16

I was going through lecture videos by Robert Sedgwick on algorithms, and he explains that random shuffling ensures we don't get to encounter the worst case quadratic time scenario in quick sort. But I am unable to understand how.

chiastic-security
  • 20,430
  • 4
  • 39
  • 67
Paritosh Pandey
  • 167
  • 1
  • 4

5 Answers5

23

It's really an admission that although we often talk about average case complexity, we don't in practice expect every case to turn up with the same probability.

Sorting an already sorted array is worst case in quicksort, because whenever you pick a pivot, you discover that all the elements get placed on the same side of the pivot, so you don't split into two roughly equal halves at all. And often in practice this already sorted case will turn up more often than other cases.

Randomly shuffling the data first is a quick way of ensuring that you really do end up with all cases turning up with equal probability, and therefore that this worst case will be as rare as any other case.

It's worth noting that there are other strategies that deal well with already sorted data, such as choosing the middle element as the pivot.

chiastic-security
  • 20,430
  • 4
  • 39
  • 67
6

The assumption is that the worst case -- everything already sorted -- is frequent enough to be worth worrying about, and a shuffle is a black-magic least-effort sloppy way to avoid that case without having to admit that by improving that case you're moving the problem to another one, which happened to get randomly shuffled into sorted order. Hopefully that bad case is a much rarer situation, and even if it does come up the randomness means the problem can't easily be reproduced and blamed on this cheat.

The concept of improving a common case at the expense of a rare one is fine. The randomness as an alternative to actually thinking about which cases will be more or less common is somewhat sloppy.

keshlam
  • 7,931
  • 2
  • 19
  • 33
2

In case of randomized QuickSort, since the pivot element is randomly chosen, we can expect the split of the input array to be reasonably well balanced on average - as opposed to the case of 1 and (n-1) split in a non randomized version of the algorithm. This helps in preventing the worst-case behavior of QuickSort which occurs in unbalanced partitioning.

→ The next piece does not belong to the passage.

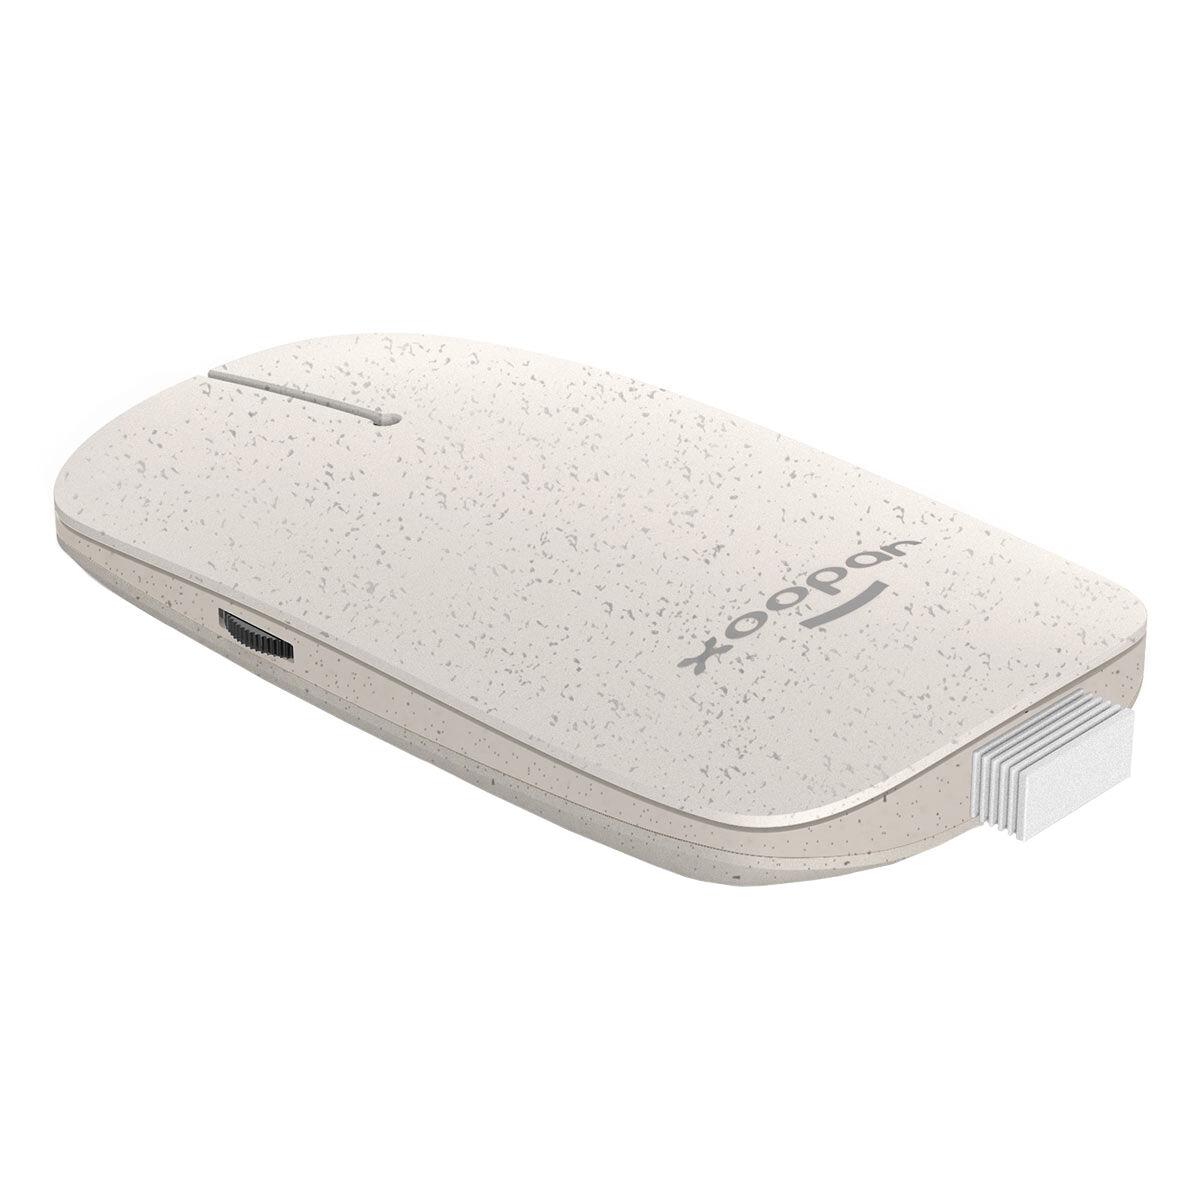 Xoopar Wireless Wheat Mouse

Hence, the average case running time of the randomized version of QuickSort is O(nlogn) and not O(n^2);

Ujjwal
  • 71
  • 7
0

What does a random shuffle do to the distribution on the input space? To understand this, let's look at a probability distribution, P, defined over a set S, where P is not in our control. Let us create a probability distribution P' by applying a random shuffle, over S to P. In other words, every time we get a sample from P, we map it, uniformly at random to an element of S. What can you say about this resulting distribution P'?

P'(x) = summation over all elements s in S of P(s)*1/|S| = 1/|S|

Thus, P' is just the uniform distribution over S. A random shuffle gives us control over the input probability distribution.

How is this relevant to quicksort? Well, we know the average complexity of quicksort. This is computed wrt the uniform probability distribution and that is a property we want to maintain on our input distribution, irrespective of what it really is. To achieve that, we do a random shuffle of our input array, ensuring that the distribution is not adversarial in any way.

Pradhan
  • 16,391
  • 3
  • 44
  • 59
-1

Is the video in coursera? Unfortunately, shuffle decrease performance to O(N^2) with data n,n,...,n,1,1,...,1. I have inspected Quick.java with nn11.awk that generate such data.

$ for N in 10000 20000 30000 40000; do time ./nn11.awk $N | java Quick; done | awk 'NF>1'

real    0m10.732s
user    0m10.295s
sys     0m0.948s

real    0m48.057s
user    0m44.968s
sys     0m3.193s

real    1m52.109s
user    1m48.158s
sys     0m3.634s

real    3m38.336s
user    3m31.475s
sys     0m6.253s